Sorry for criticizing you (again), but i really feel like your just duplicating efforts. You didn’t even contact me for the item i made. I could have spend a few minutes to make it feature complete compared to the one you shared here. I was considering of proposing to include my item a few days ago through the review system (which you also apparently skipped?), but decided to hold it off because it wasn’t feature complete compared to QIconItem and mine.
[1] https://gitorious.org/porpoise/master/blobs/master/kgraphicsitem.cpp
> https://gitorious.org/porpoise/master/blobs/master/kgraphicsitem.cpp
that looks to me more or less a copy of the old QIconItem, and as i said, different use cases.
and no, its use is really for icons and just for icons, forces painting at the correct sizes because is about icons, manages the highlight/disable states because is about icons, prefers the svg versions because is about icons.
the animation is inside the c++ item because otherwise i had to export a version without animation, and a version with animation, polluting the API (unfortunately is not possible to have c++ imports private to a component implementation, quite a limitation of QML I think).

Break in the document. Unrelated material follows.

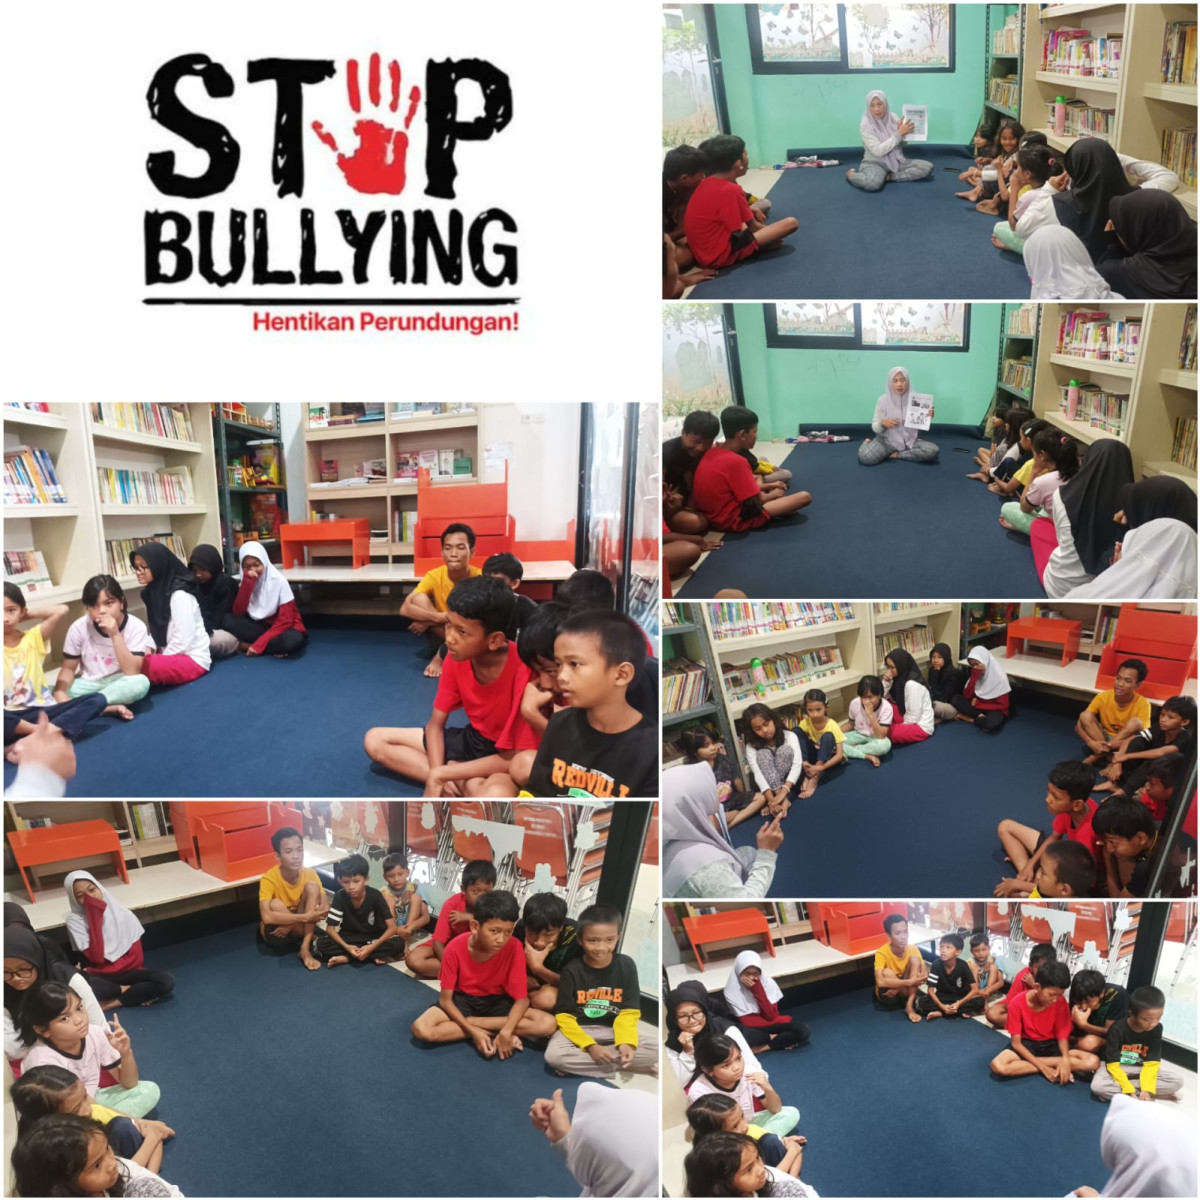 Edukasi Pengelola RPTRA *Bullying/perundungan* kepada pengunjung anak anak.

And no, i won’t leave it to the component users.
the design principles are:
* if there is an animation or not is none of plasmoid developer business
* how big the icon gets rendered is none of plasmoid developer business
* what the disable/highlight effects (if any) is none of plasmoid developer business
* what icon gets loaded in particuar, besides one that represents that icon name is none of plasmoid developer business
This class is a semantic representation of an icon, with exactly none of the look and feel details exposed to the outside (also, leaves the possibility to migrate the implementation to pure QML some day, again, what the implementation is or behaves, utterly irrelevant)
The animation can be resolved by wrapping that element into (lets say) a “TransitionIcon” in which you have the current icon and the icon that will fade in.
KIcon should have the perfect icons for the normal sizes already (32, 48, ….) there is absolutely no need to play with SVG there since those sizes should come from the svg files.
Either way, you should have just used (or changed) the QIconItem class. Now there is yet another icon class.